> _Raw data_
============

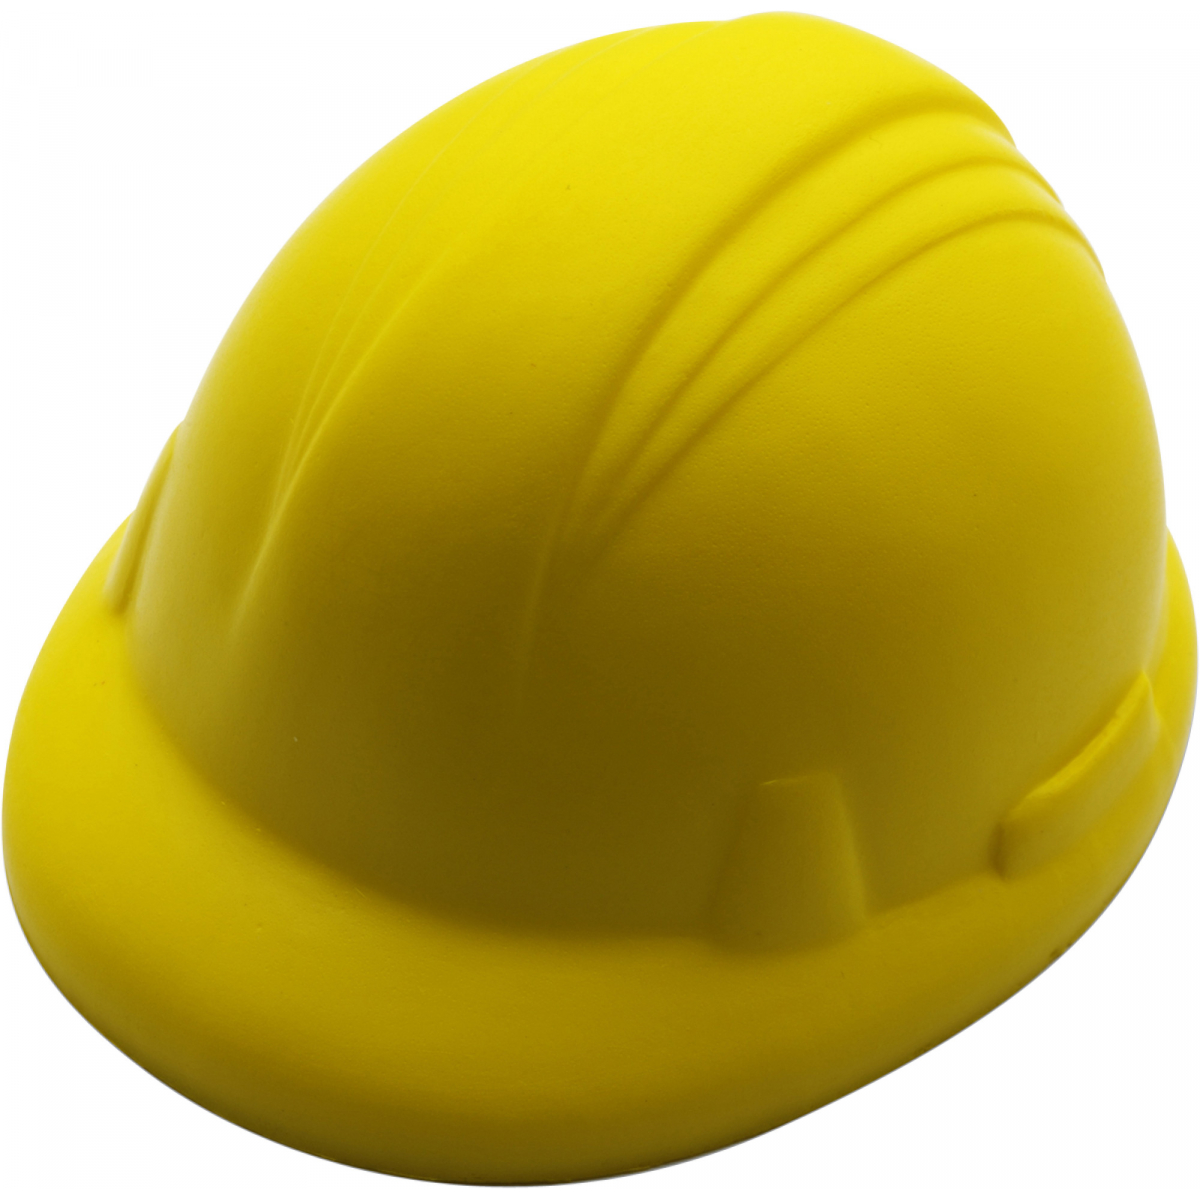 c96edd176e8 Anti-Stress bal bouw  Vanaf 0,75 per stuk   Super-snel.nl
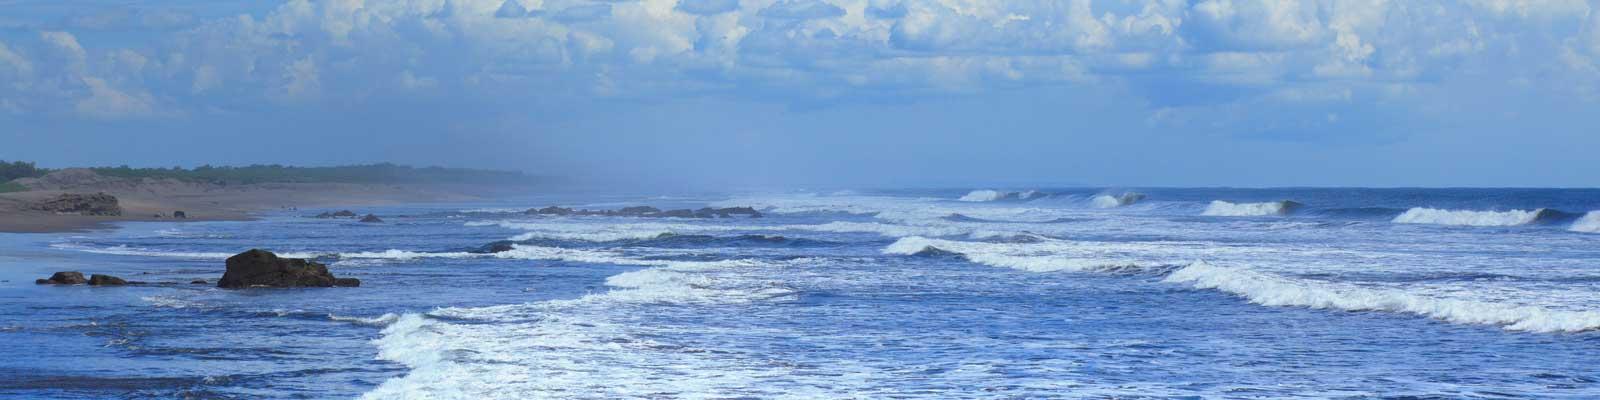 Nicaragua Immobili - Case, appartamenti, ville - Compra, Affitta, Investi
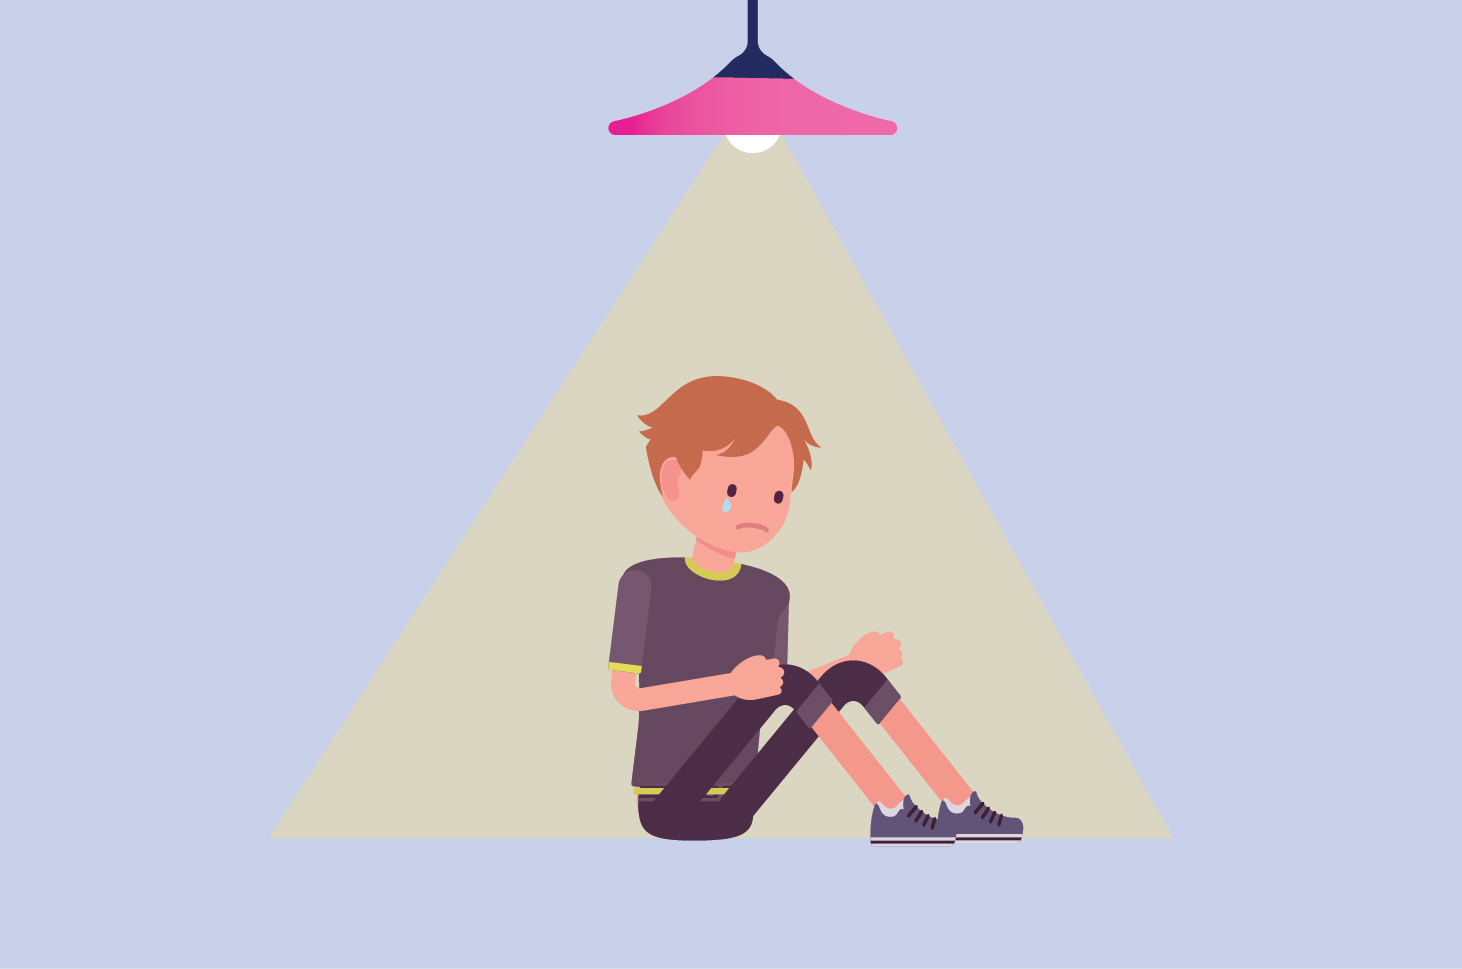 tumbuhkan-percaya-diri-pada-anak-pengidap-gagap-halodoc
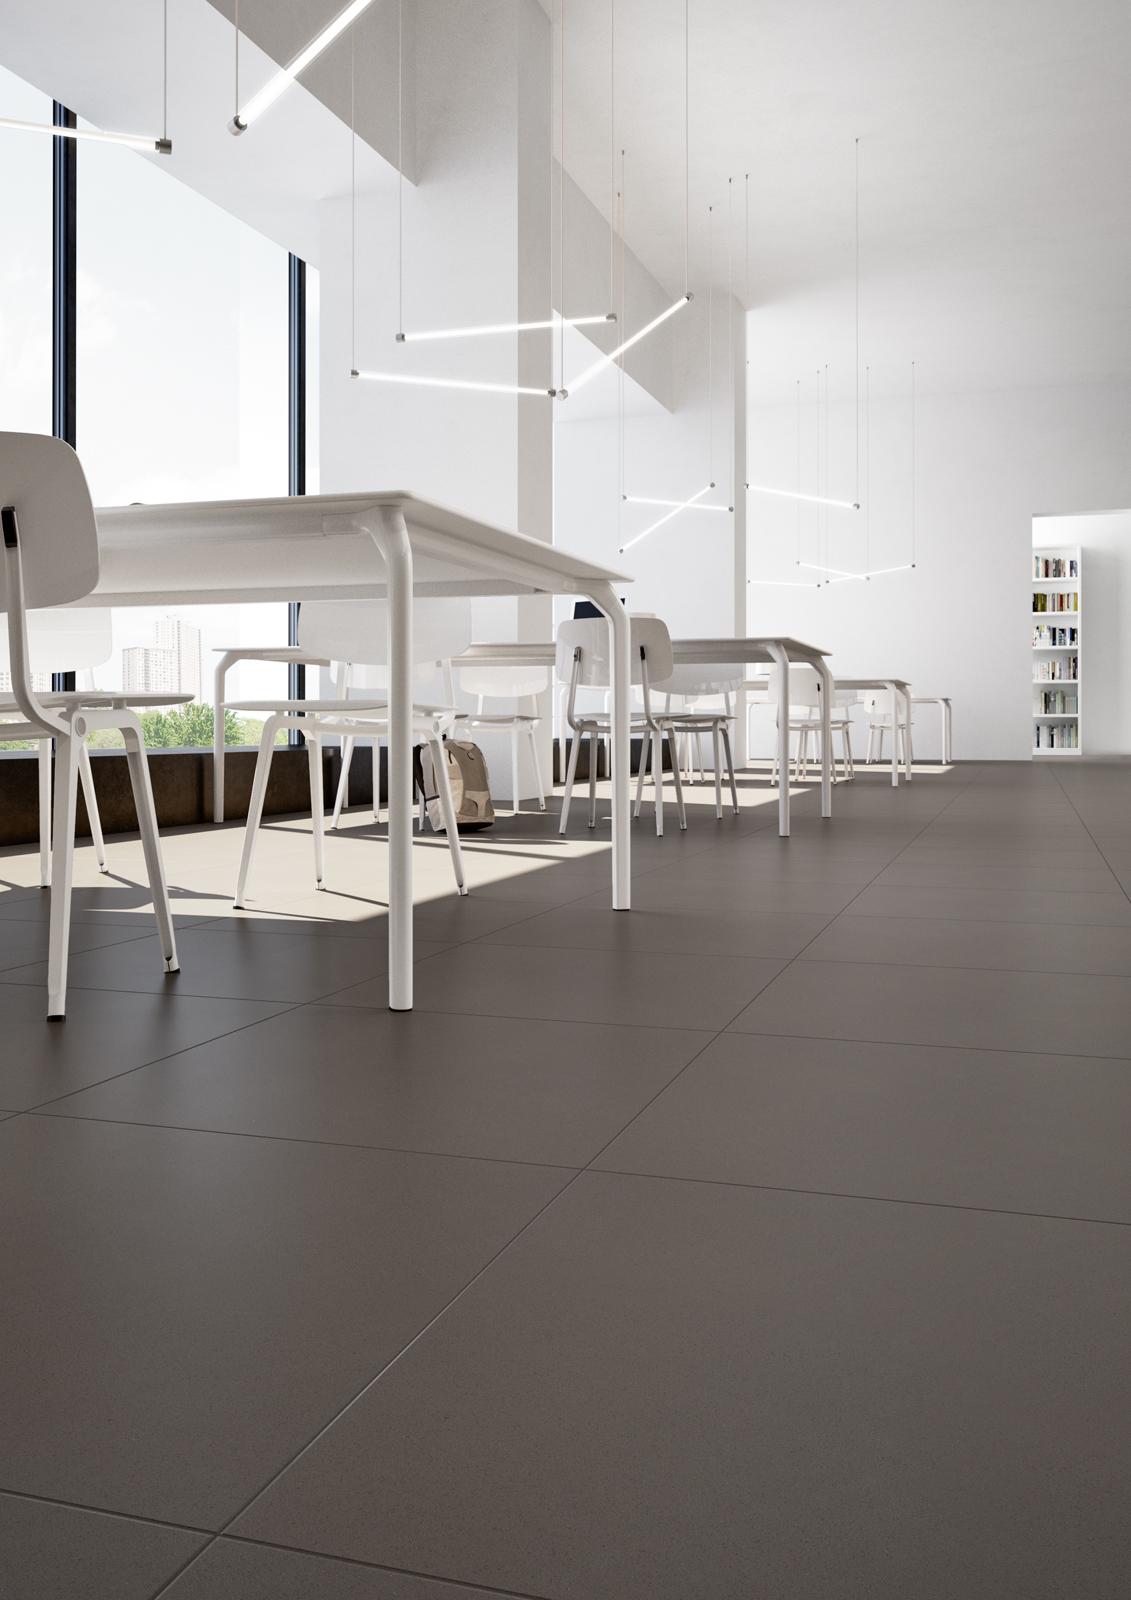 Sistemb gres porcel nico para arquitectura marazzi - Gres porcelanico limpieza ...

============

> _Problem statement_
Once the pictures are set aside, output the whole listing exactly.

> _Answer to this problem_
 c96edd176e8 Anti-Stress bal bouw  Vanaf 0,75 per stuk   Super-snel.nl
 Nicaragua Immobili - Case, appartamenti, ville - Compra, Affitta, Investi
 tumbuhkan-percaya-diri-pada-anak-pengidap-gagap-halodoc
 Sistemb gres porcel nico para arquitectura marazzi - Gres porcelanico limpieza ...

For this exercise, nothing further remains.